Thermal dynamics and electronic temperature waves in layered correlated materials
Giacomo Mazza, Marco Gandolfi, Massimo Capone, Francesco Banfi,, Claudio Giannetti

TL;DR
This paper investigates layered correlated materials as a platform for unconventional heat transfer, demonstrating the potential for electronic-origin wave-like temperature oscillations and tunable thermal regimes for nanoscale device applications.
Contribution
It reveals that layered strongly correlated materials can exhibit a wide range of heat transfer regimes, including wave-like temperature oscillations up to room temperature, controlled by electronic interactions.
Findings
Electronic heat transfer can be ballistic, hydrodynamic, or diffusive.
Wave-like temperature oscillations are predicted to occur at room temperature.
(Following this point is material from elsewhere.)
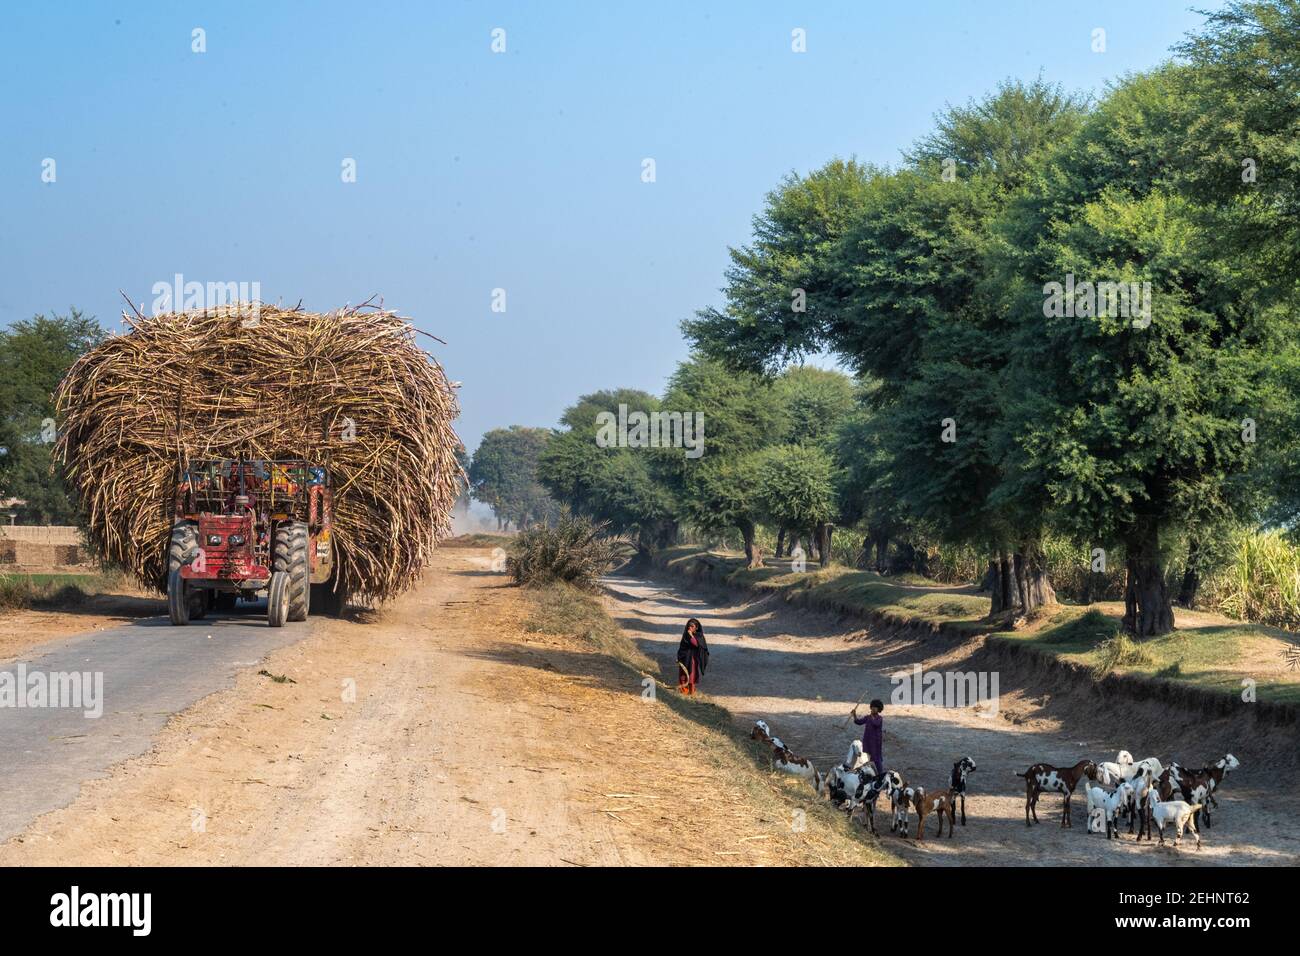 Man Carrying Hay with a Tractor, rural Punjab, Pakistan Stock Photo

Interaction strength controls the thermal transport regime.
Abstract
We explore layered strongly correlated materials as a platform to identify and control unconventional heat transfer phenomena. We demonstrate that these systems can be tailored to sustain a wide spectrum of heat transport regimes, ranging from ballistic, to hydrodynamic all the way to diffusive. Within the hydrodynamic regime, wave-like temperature oscillations are predicted up to room temperature. All the above phenomena have a purely electronic origin, stemming from the existence of two components in the electronic system, each one thermalized at different temperatures. The interaction strength can be exploited as a knob to control the different thermal transport regimes. The present results pave the way to transition-metal oxide heterostructures as building blocks for nanodevices exploiting the wave-like nature of heat transfer on the picosecond time scale.